GraphQL beyond the buzzword; When to use GraphQL

Shani Dar
Shani Dar
Feb 20 · 7 min read

GraphQL, a query language for APIs, became very popular since it was first publicly released by Facebook in 2015. Many companies increasingly adopted GraphQL that provides a simple declarative way to retrieve data.

At Trax we started to use GraphQL over the last year. As part of the adoption process, we discussed the cost vs. value of using GraphQL in our services. While GraphQL has many advantages, it is also introduces a new set of challenges which need to be evaluated.

In this post you can find guidelines for deciding when it makes sense to use GraphQL.

credit: https://www.piqsels.com/en/public-domain-photo-zknni

GraphQL Advantages

“What you want is what you get

With GraphQL, developers can fetch only what they actually need, nothing less, nothing more. No need to fetch data from large objects with a fixed structure that contain unnecessary data (Over-Fetching), or fetch relational data with multiple requests because an endpoint doesn’t return all the information required by a client (Under-Fetching).

GraphQL allows making a single query request to get exactly the data we need, including relationships, from multiple resources. This means fewer network requests and round trips, which saves time and bandwidth. It also helps to save waterfall network requests, where you need to resolve dependent resources on previous requests.

All of the requests are sent to a single endpoint. The client side doesn’t need to worry about endpoints and the response codes.

GraphQL Playground allows API developers and consumers to explore the relationships between types across your schema in addition to getting details about individual types. GraphQL keeps documentation in sync with API changes.

Types supported by the API are specified in the schema using GraphQL Schema Definition Language (SDL), which makes GraphQL less error-prone, and more validated. GraphQL has a better relative type safeness compared to REST with documentation because the types described are enforced by the GraphQL engine.

When Should We Use GraphQL?

Common use cases of GraphQL API:

  • Applications for low bandwidth devices such as mobile phones and IoT devices, where bandwidth usage matters.
  • Applications where nested data needs to be fetched in a single call.
  • Applications that retrieves data from multiple, different APIs.
  • GraphQL as an abstraction on an existing API.
  • GraphQL is particularly great for front-end development (for example: Angular, React, Mobile), since using a GraphQL client library helps eliminate many of the inconveniences and shortcomings that are experienced with REST APIs.

When shouldn’t We Use GraphQL?

Despite GraphQL’s advantages, GraphQL has implementation challenges, and is not necessarily the right solution for any use-case.

If you have a stable RESTful service, there’s probably not a strong case to overwrite it all. What you might want to do is implement additional abilities using GraphQL.

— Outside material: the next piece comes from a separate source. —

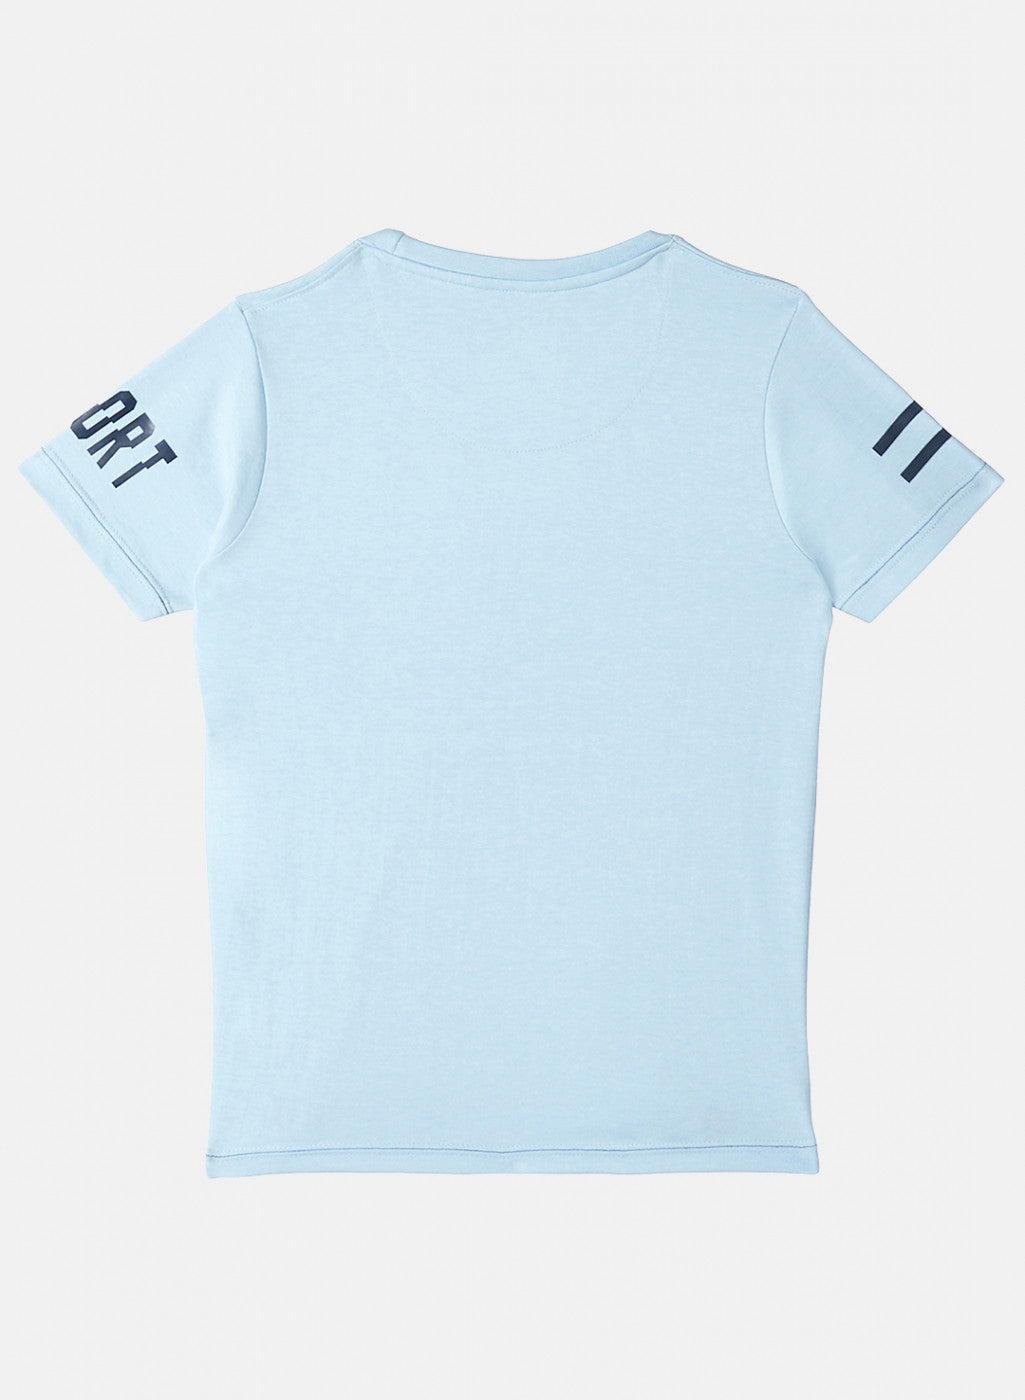 Boys Sky Blue Printed T-Shirt

One of the great benefits of GraphQL is that it’s not designed as a wholesale replacement for alternative API solutions. Instead, GraphQL can be implemented incrementally to complement or enhance existing APIs.

While GraphQL is the right solution for multiple micro-services, a simple REST API can be better in case you have a service that exposes a really simple API\not API-centric. REST can also be a valuable approach for connecting resource-driven apps that don’t need the flexible queries offered by GraphQL. Take into consideration future needs, it might change if your app is intended to grow.

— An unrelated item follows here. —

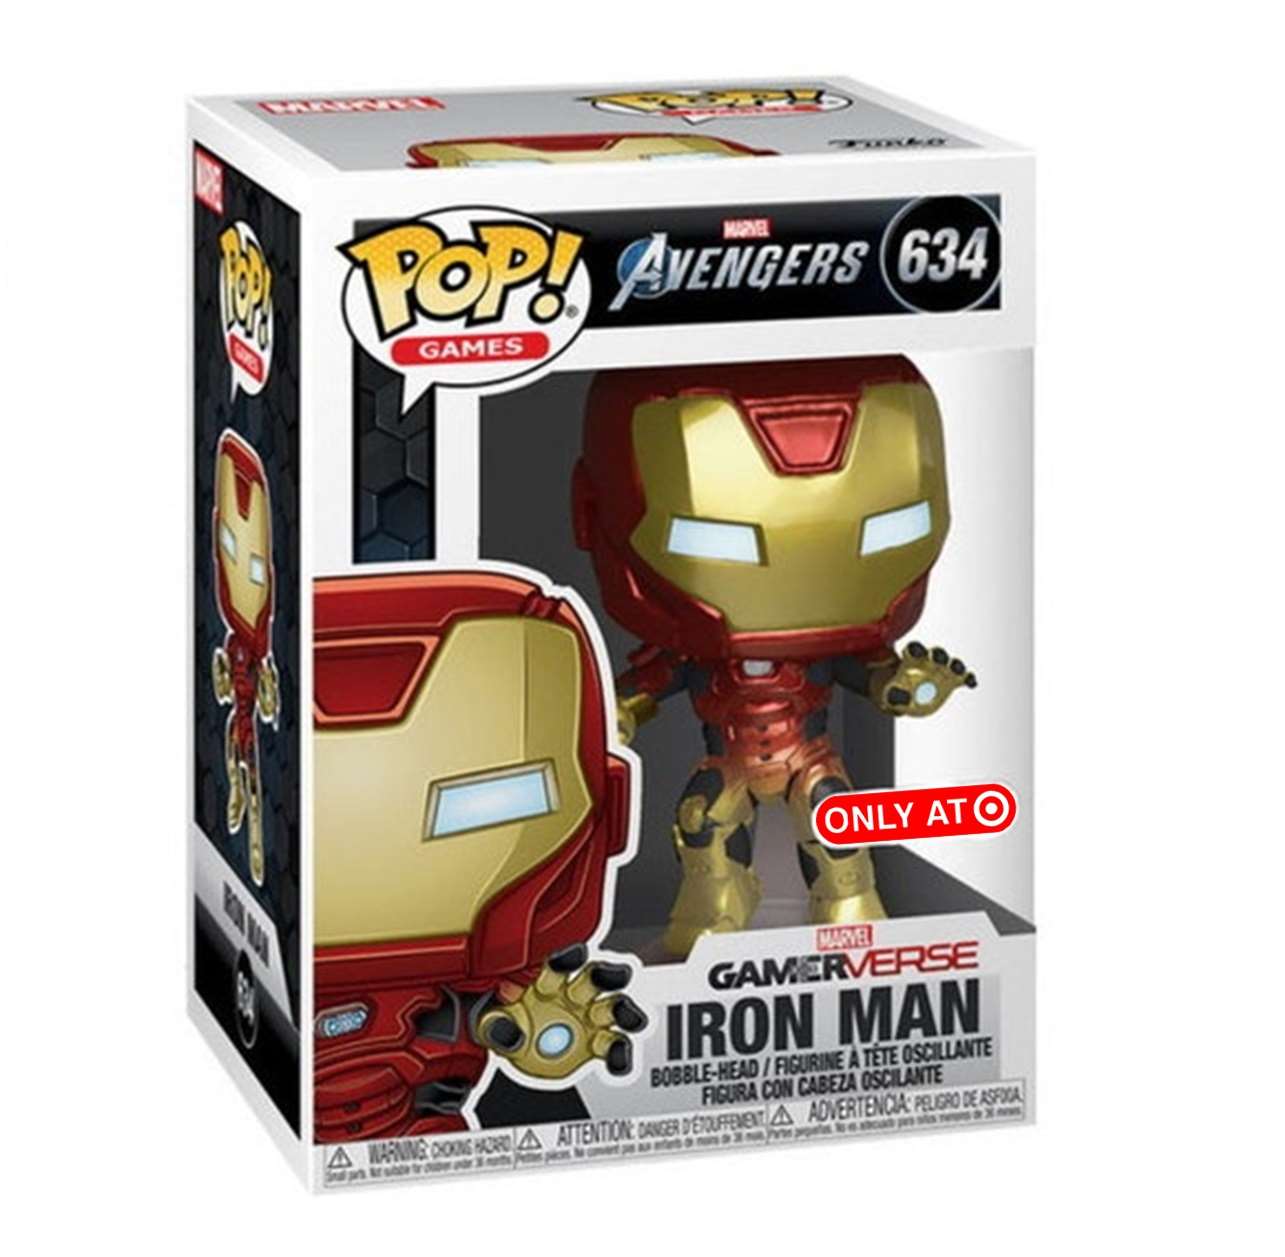 Iron Man #634 Figura Avengers Gamerverse Exclusivo Only A T

When the client of your API is another service (server-to-server) it may not make much sense to choose GraphQL. The investment cost might not be worth the value as most of GraphQL advantages refer to front-end clients.

Challenges That Are Worth Taking Into Consideration:

Caching helps reduce the amount of traffic to a server by keeping frequently accessed information close to the client.

In an endpoint-based API (like REST), clients can use HTTP caching to easily avoid re-fetching resources, and for identifying when two resources are the same. The URL in these APIs is a globally unique identifier that the client can leverage to build a cache. In GraphQL, though, there’s only one endpoint with many different queries, and it’s much harder to implement a caching mechanism.

GraphQL caching at the database or client level can be implemented with the Apollo clients that have caching mechanisms built in. However, GraphQL doesn’t rely on the HTTP caching methods, which enable storing the content of a request.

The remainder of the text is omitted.